Time to rebalance and reconsider: are we pathologising informal, family carers?

Nan Greenwood 1,, Christopher McKevitt 2, Alisoun Milne 3
PMCID: PMC6047263  PMID: 29978747

This paper is intended to initiate a debate about research on unpaid, informal, often family carers by bringing together and summarising concerns with the research methods employed and its underlying assumptions. We hope to encourage researchers to rethink how they approach research with this important group. We believe that a different, more discerning approach to exploring the experiences and needs of family carers and how to support them will not only broaden how we understand caring but can also be expected to improve both the lives of carers and those of the people they support.

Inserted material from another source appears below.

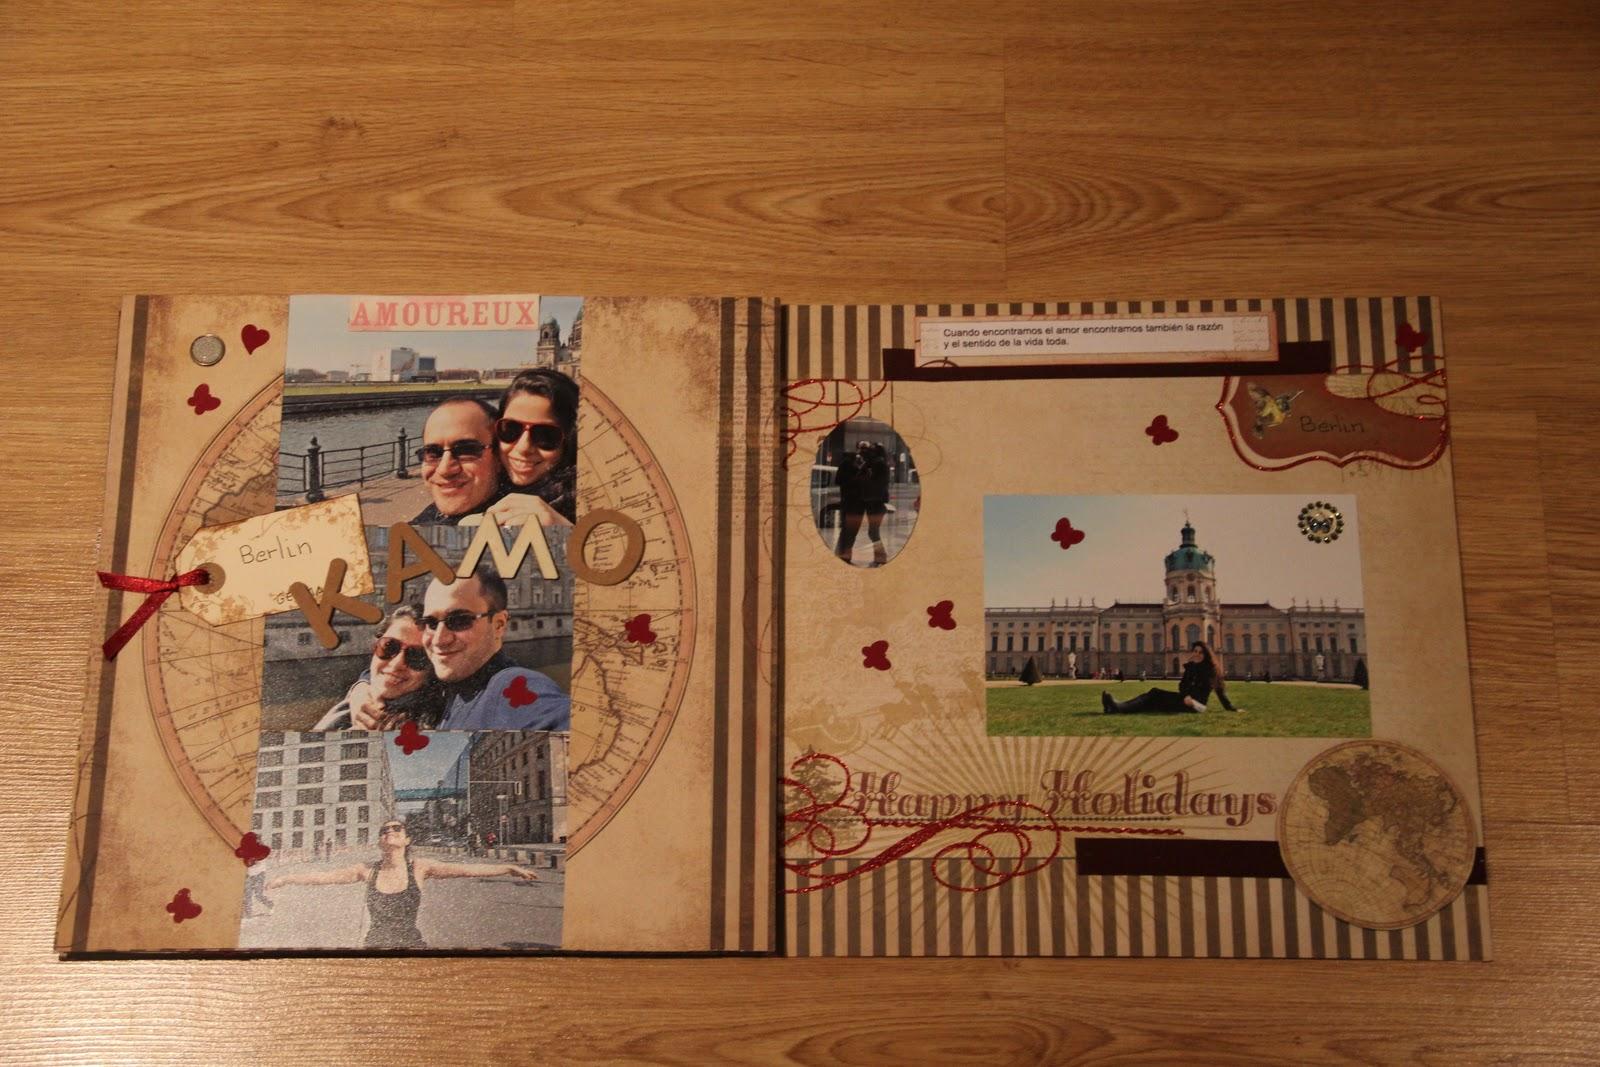 Album de fotos creativos de amor imagui - Album de fotos ...

The term ‘carer’ or ‘informal carer’ is widely used in health-related policy and research and refers to unpaid, usually family members caring for someone who is ill, frail or disabled. Carers are the majority providers of support for people with disabilities across the globe. According to figures from Carers UK, there are currently approximately 6.5 million carers in the UK. With aging populations and people living longer with disabilities their role can only increase. Indeed, the number of carers in the UK is rising and is predicted to reach 9 million by 2037. The annual economic value of this support was recently estimated to be £132 billion.

Carers are therefore vital to individuals, families and society and have been the focus of much academic scrutiny; however, there are a number of concerns about carer research and the assumptions behind it. These are briefly outlined below.

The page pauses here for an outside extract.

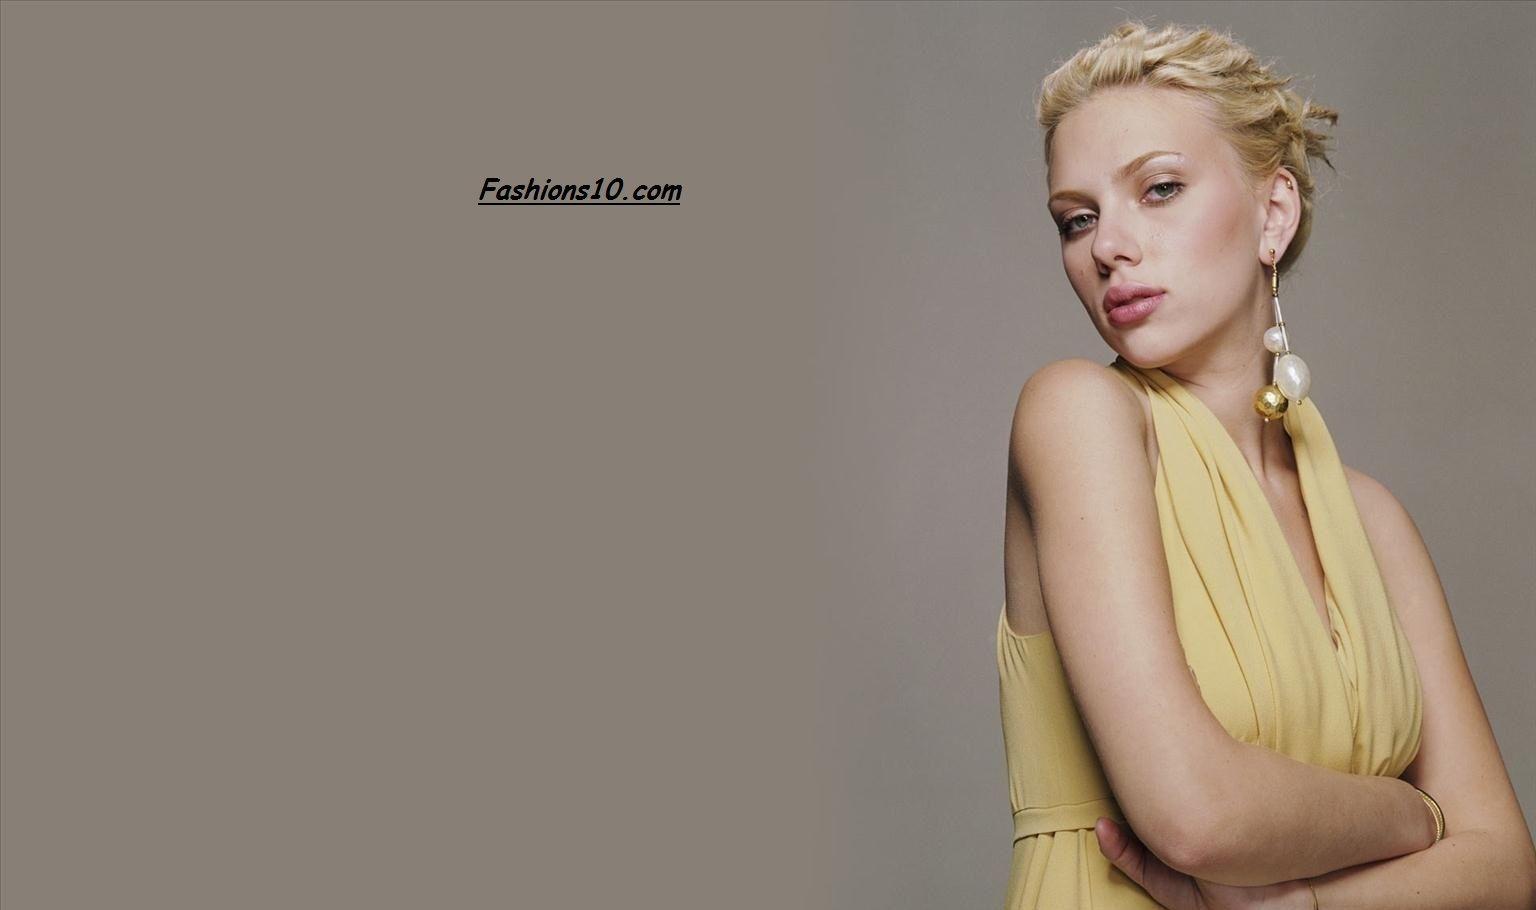 hot scarlett johansson hd wallpaper | http://www.fashions10/hot

First, the term ‘carer’ is contested by carers themselves; many reject it, preferring to describe themselves as family members or friends. For many spouses, support ‘in sickness and health’ is integral to their relationship; caring is simply an extension to their spousal role. For some, caring is reciprocal evolving without clear distinctions between carer and the person being cared for, further blurring the relationship. The term ‘informal’ is also often not well received as it invites comparison with ‘formal’ care suggesting somehow ‘better’ care when provided by paid staff. Additionally, there is public confusion about who carers are, not helped by regular references to paid care workers as carers in the media.

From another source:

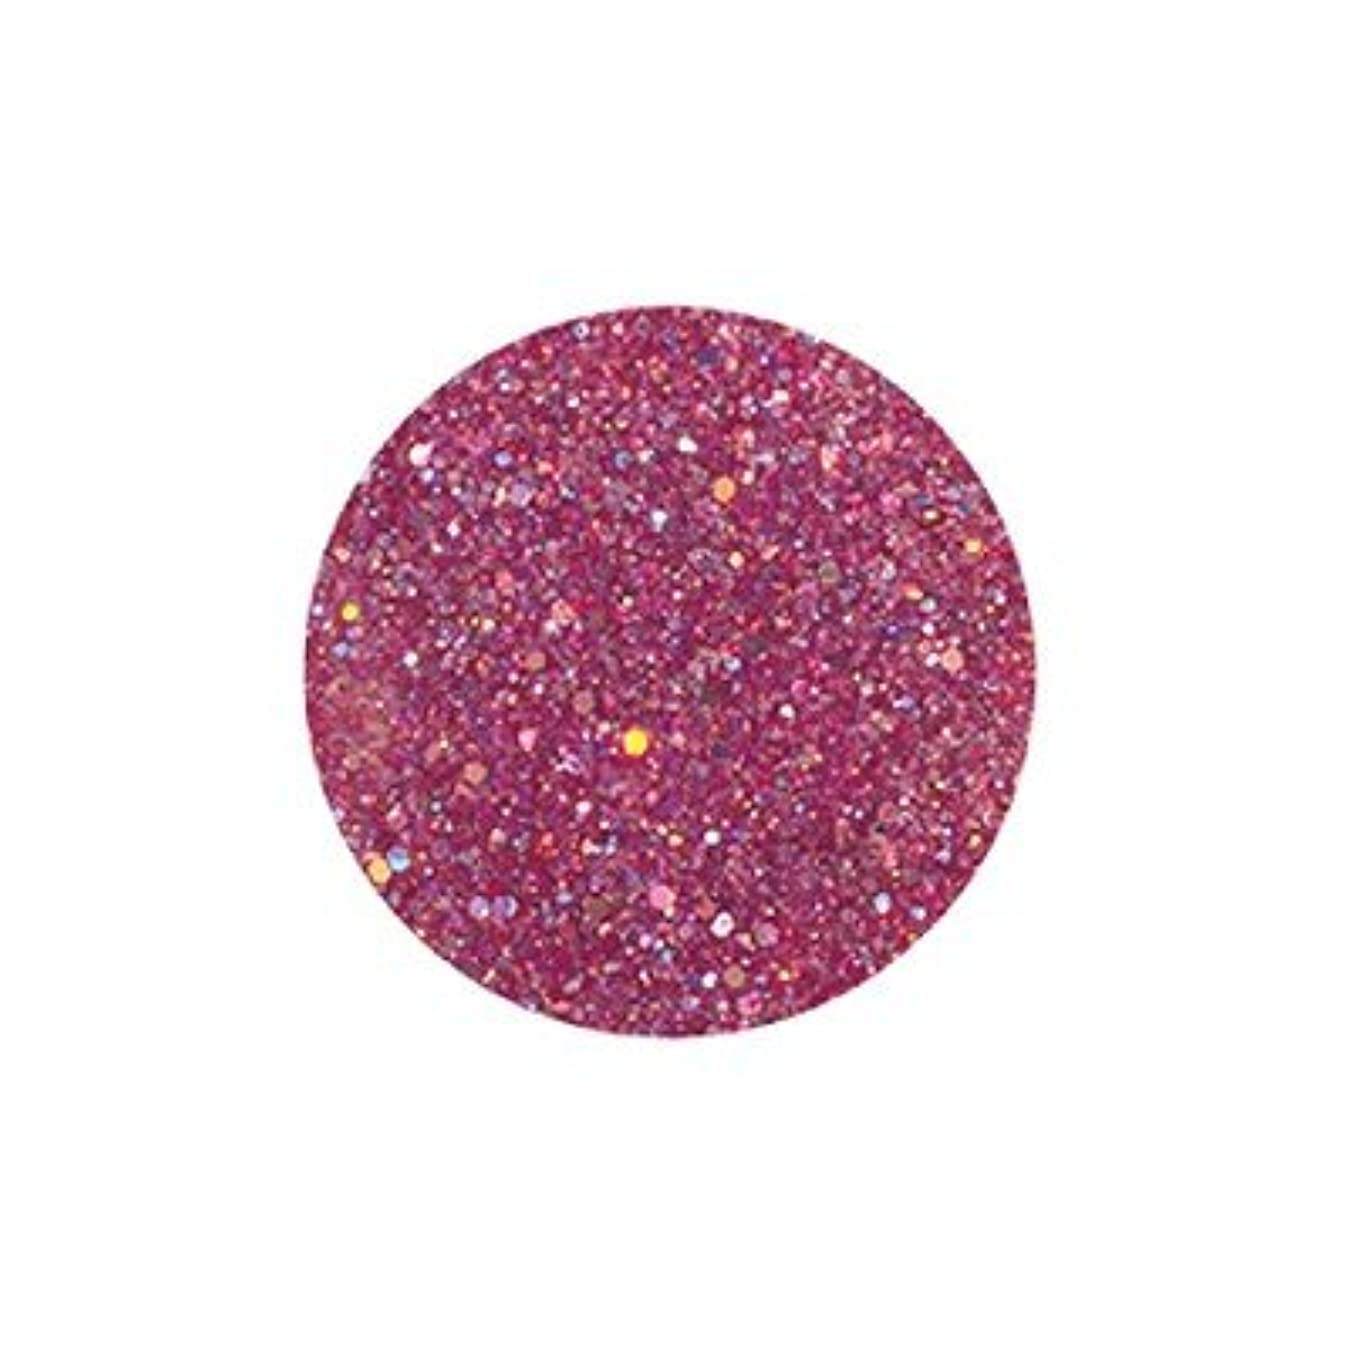 安価な謝るジャングルFANTASY NAIL ダイヤモンドコレクション 3g 4259XS カラーパウダー アート材

Research about informal carers has proliferated over the last 30 years but the value of research in extending understanding of the distinctive nature of carers’ experiences is increasingly being questioned. For example, there remains insufficient recognition of the enormous diversity among carers and caring contexts. Carer participant samples are often dominated by middle-aged, female spouses and key demographic variables such as ethnicity are frequently not reported. Ignoring diversity creates numerous problems. For example, research findings may not be relevant to specific groups such as older men or minority ethnic carers. This is despite some evidence that men and women respond differently to caring and that carers from minority groups may not only have more challenging caring experiences but are also less likely to access support than their white counterparts.

Studies often fail to include comparator groups, making it impossible to know whether carers are more or less anxious than non-carers. Similarly, caring is often long-term and its impact varies over time but research is seldom longitudinal. Carer participants are frequently convenience samples recruited from acute health settings or via carer support services. Both recruitment routes have limitations; the former may not represent carers across the caring trajectory and carers already receiving support may not be representative of carers more widely.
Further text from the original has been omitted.